В этот вечер, перед отходом ко сну, «граф» почему-то вдруг вспомнил о советах доктора и не выпил обычных нескольких рюмок водки, хотя бутылка и была им принесена в числе других закусок и спрятана в сундук, чтоб Антошка ее не видал. И – что еще было странней! – ему, еще несколько дней тому назад совсем равнодушному к смерти, теперь, напротив, очень хотелось жить.
Долго ворочался «граф» на своем жестком блинчатом тюфяке, долго кашлял скверным, сухим кашлем, чувствуя, как ноет грудь, и долго думал об Антошкиной судьбе и об его полушубке.
«Неужели „знатный братец“ до конца будет последователен и оставит просьбу без ответа? Неужели жалость недоступна его сердцу?»
И в голове «графа» забродили воспоминания о «братце».

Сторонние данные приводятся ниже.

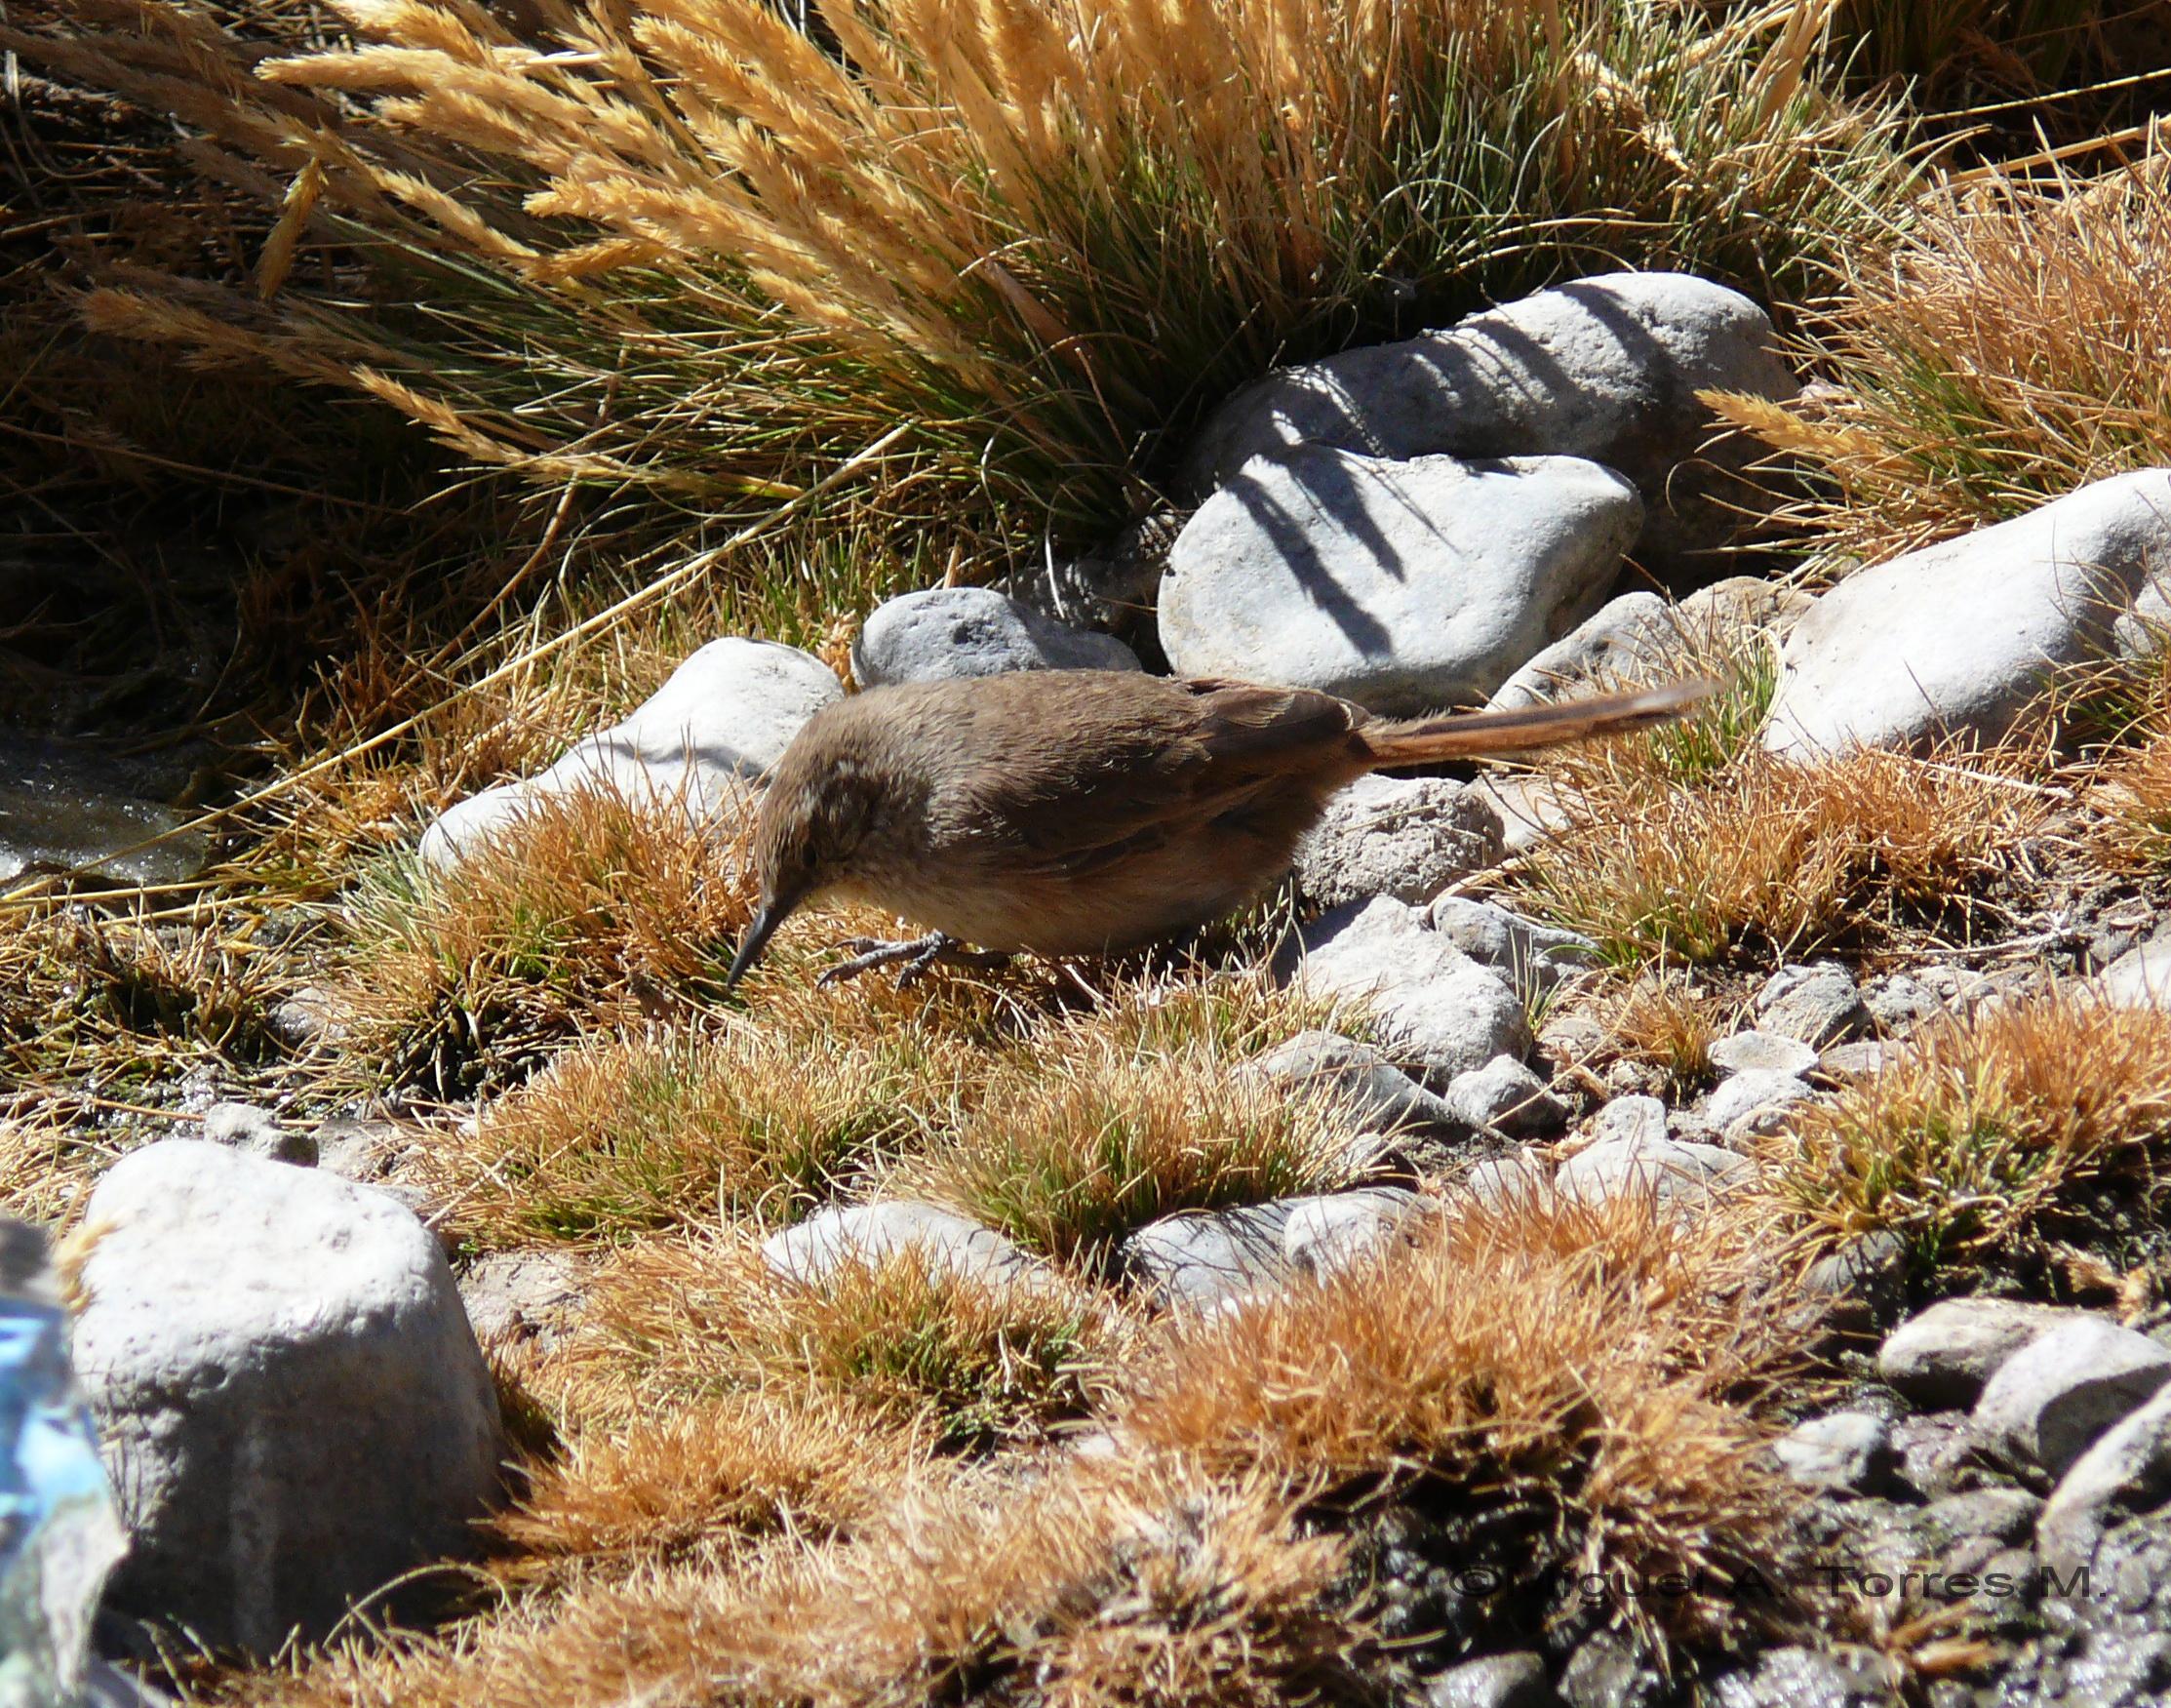 Scientific Name: Cordilleran Canastero - Photo: Miguel A. Torres M.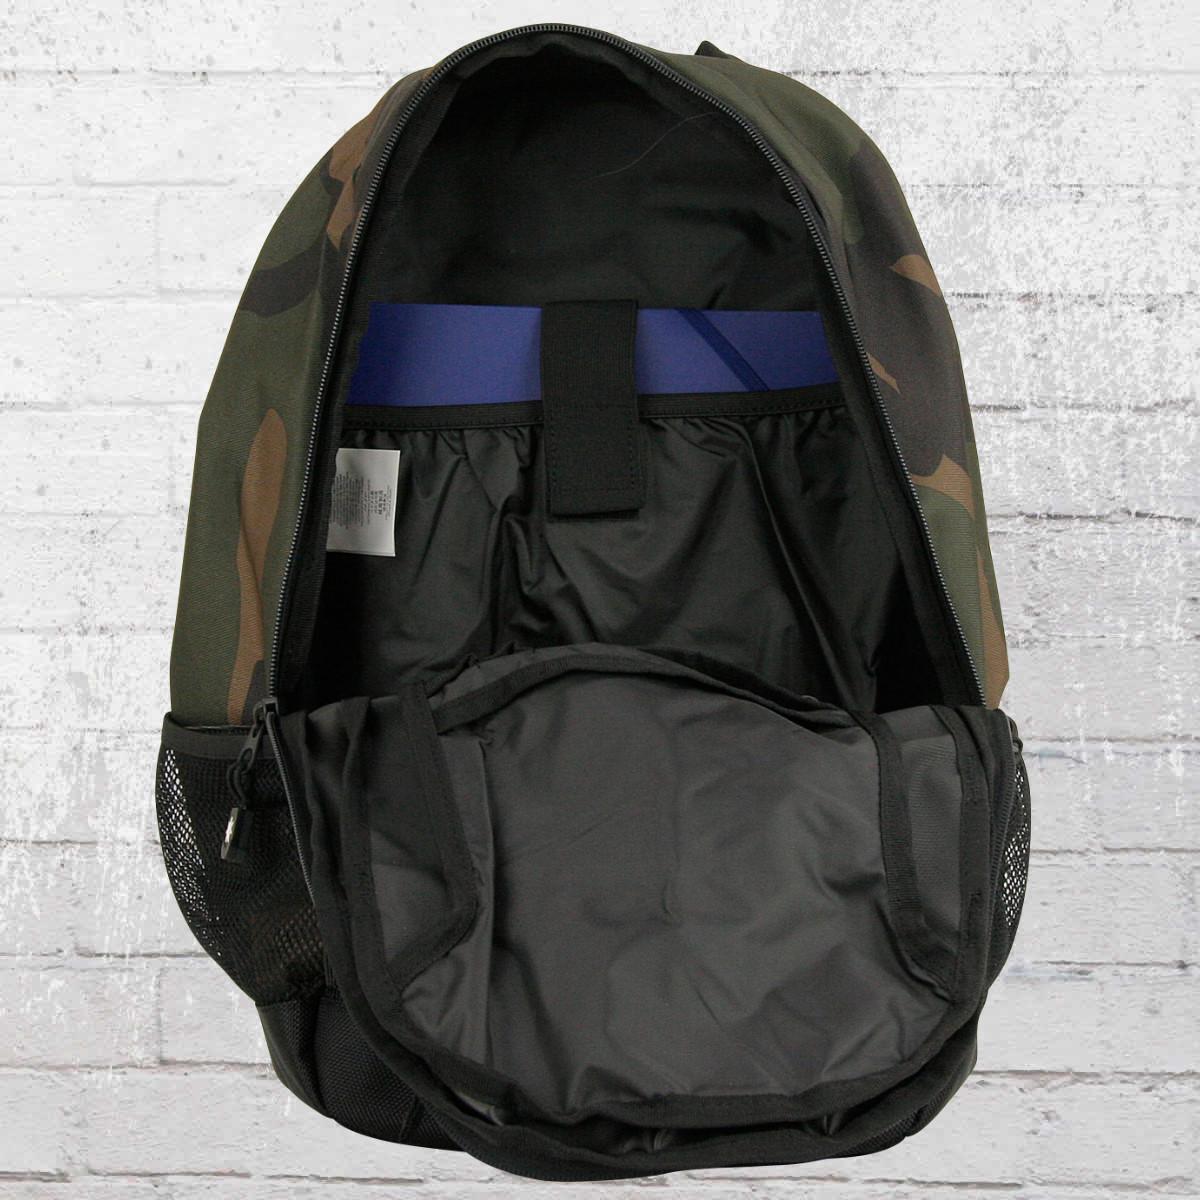 43735939fc3 Order now   DC Shoes Backpack Grind Skatepack camouflage

Никогда они не были близки и дружны. Этот благоразумный, солидный и корректный Костя, любимец отца, всегда относился несколько свысока к беспутному Шурке и нередко читал ему нравоучения. И всегда он был какой-то жесткий и гордился и тем, что вышел из школы правоведения с золотой медалью, и своим умом, и своими блестящими успехами по службе. Когда бабушка оставила одному Шурке, своему любимцу, свое состояние, брат еще более озлился на Шурку, говорил с нескрываемым презрением, что дуракам счастье, и наотрез отказался взять половину наследства, которую Шурка великодушно предложил старшему брату. С тех пор они редко и видались. Шурка просаживал наследство, а Костя работал, усердно делая карьеру. Скоро он уехал в провинцию, назначенный двадцати семи лет прокурором окружного суда, и вернулся в Петербург, чтобы занять довольно видное место в то самое время, как младший брат должен был выйти из полка и избежал позора суда за подлог только благодаря тому, что отец заплатил за сына большую часть своего состояния… После этого Шурка обратился за помощью к брату, но получил от него жестокое письмо…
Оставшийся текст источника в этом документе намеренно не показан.